Communiqué du MILI à propos des interdictions de manifester

Stratégie de la tension : interdiction de manifester & état d’urgence

paru dans lundimatin#62, le 28 mai 2016

Publié sur le site Mediapart dans la soirée.

Des membres du Mouvement Inter Luttes Indépendant (Mili) et d’autres camarades ont vu leur week-end de la pentecôte gâché par une visite des services de police aussi imprévisible que désagréable. Hormis ceux qui ont eu la chance d’être en « course » au moment du passage des policiers, les autres se sont vus remettre une interdiction de séjourner dans plusieurs arrondissements et place de la république qu’ils ont été contraints de signer, parfois sous pression. Si au cours de cette visite les policiers n’ont pas démérité dans leur tentative habituelle d’intimidation et d’humiliation - coups de téléphone aux parents pour ceux qui résident chez eux ou encore remise du papier devant la famille - c’est surtout le contenu de cette interdiction qui nous étonne.
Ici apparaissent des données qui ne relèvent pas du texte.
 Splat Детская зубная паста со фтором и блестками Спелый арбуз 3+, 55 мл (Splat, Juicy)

En réalité, il ne fait aucun doute que cette interdiction a pour seul objectif d’empêcher une frange organisée de la jeunesse de manifester. Les personnes concernées par la mesure sont interdites de séjourner le 17 mai 2016 dans le 6, 7, 14 et 15 ème arrondissement de Paris de 11h à 20h et de 18h jusqu’à 7h le lendemain dans le quartier de République, autrement dit, il leur est interdit de se rendre à la manifestation de mardi contre la loi El-Khomri et a la Nuit Debout. C’est une interdiction politique et à travers cette mesure M. Cazeneuve s’octroie le droit de choisir qui peut, ou non, se rendre à une manifestation, dans l’espoir de faire taire toute contestation par l’intimidation. Si nous savons depuis trop longtemps que l’état de droit est une fiction, qui plus est sous état urgence, il nous semble nécessaire de rappeler certaines choses.
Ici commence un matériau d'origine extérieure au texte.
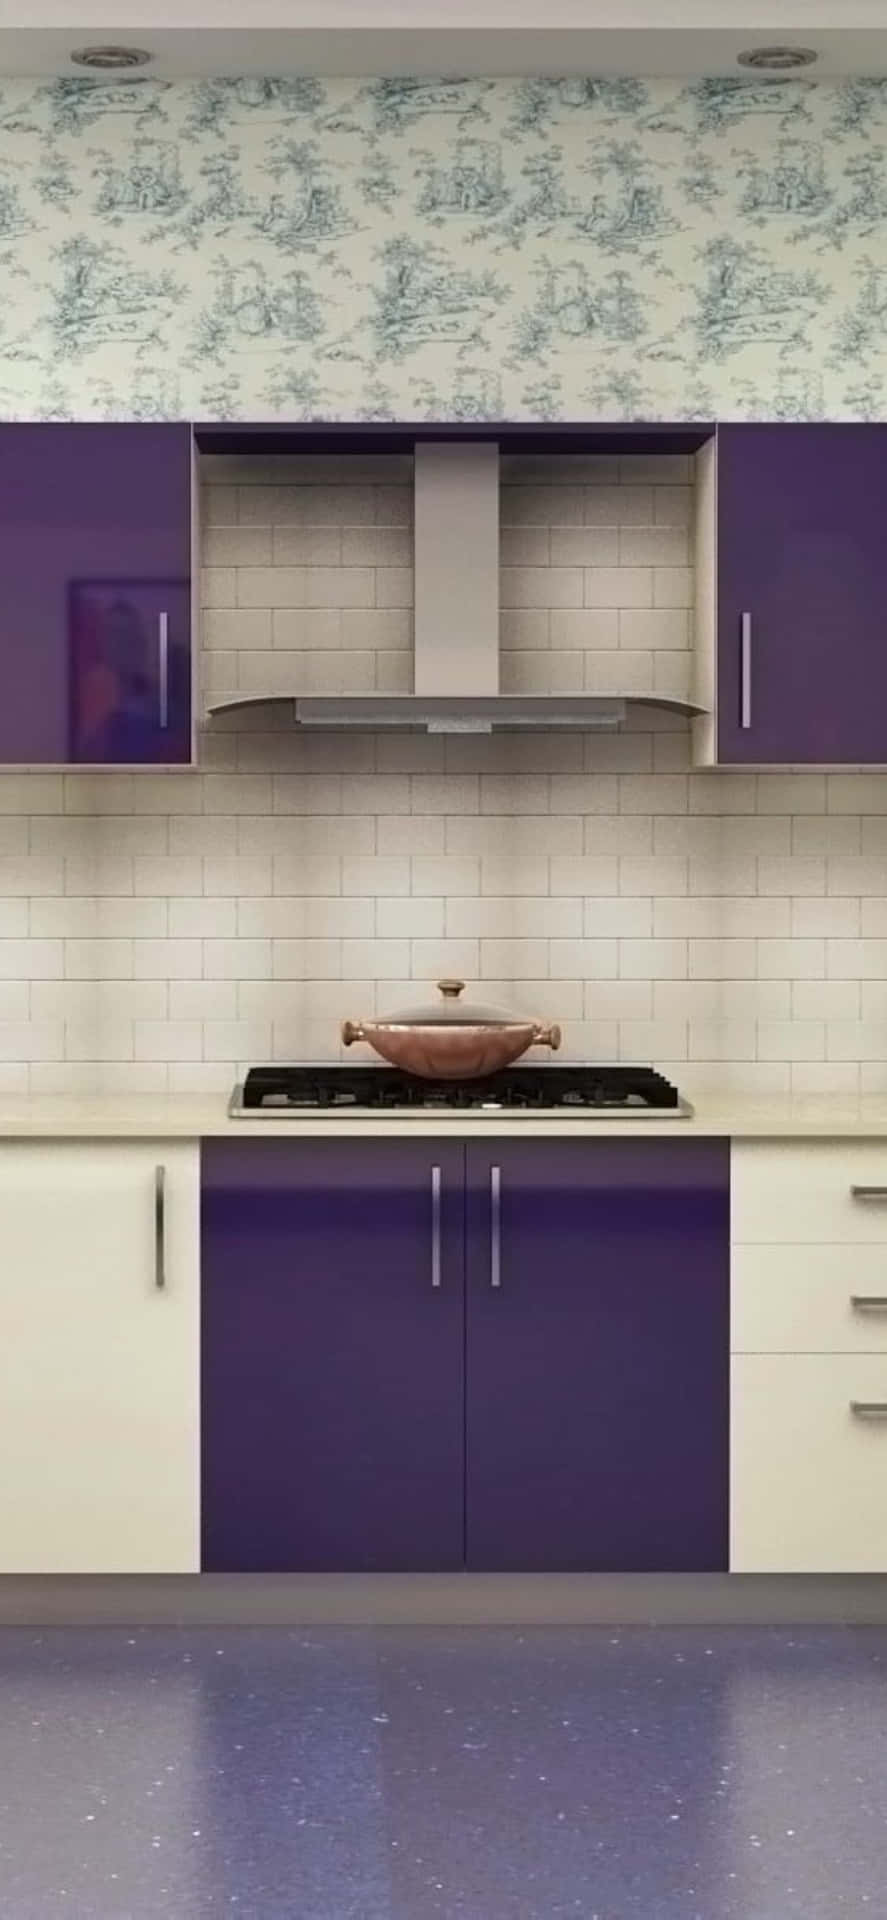 Purple Design Iphone Xs Kitchen Background

En premier lieu, le caractère arbitraire de ces mesures et son rôle dans une stratégie de terreur à l’encontre des manifestants. Ces interdictions de manifester sont, au-même titre que les assignations à résidences, des décisions administratives. Elles relèvent d’une décision unilatérale et ont pour seul fondement le jugement subjectif des services de police, plus précisément de certaines notes blanches recueillies par les renseignements généraux. Elles ne sont pas contrôlées par la justice et sont mises en place simplement quand il existe « des raisons sérieuses de penser que son comportement constitue une menace pour la sécurité et l’ordre publics », c’est-à-dire qu’elles reposent sur des présomptions et non des faits ; autant dire le régime de l’arbitraire et le retour des lettres de cachet.
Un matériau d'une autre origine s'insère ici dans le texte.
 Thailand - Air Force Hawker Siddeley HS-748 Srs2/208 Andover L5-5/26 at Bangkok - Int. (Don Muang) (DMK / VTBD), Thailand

C’est l’ensemble de ceux qui ont contesté la loi qui sont susceptibles d’être touchés par cette interdiction, comme en atteste la diversité des groupes ciblés : un lycéen, un photographe indépendant, des militants antifascistes, des étudiants ou des jeunes. Peu importe qui vous êtes ou ce que vous avez fait, ce qui compte c’est votre simple présence en manifestation et le fait de ne pas dissocier le discours des actes. La lettre du préfet dit une chose : « nous savons que vous avez contesté l’ordre établi, nous savons où vous habitez, nous pouvons revenir ». Tout comme les coups des matraques ou les tirs de flash-ball ce qui compte c’est moins ceux qui sont ciblés directement que ceux qui sont autour, car l’effet est indirect, mais bien présent. Ne nous y trompons pas ne sont pas uniquement les membres du Mouvement Inter Luttes indépendant qui sont visés par ces interdictions de manifester, mais l’ensemble des sympathisants et plus largement la jeunesse fer-de-lance de la contestation.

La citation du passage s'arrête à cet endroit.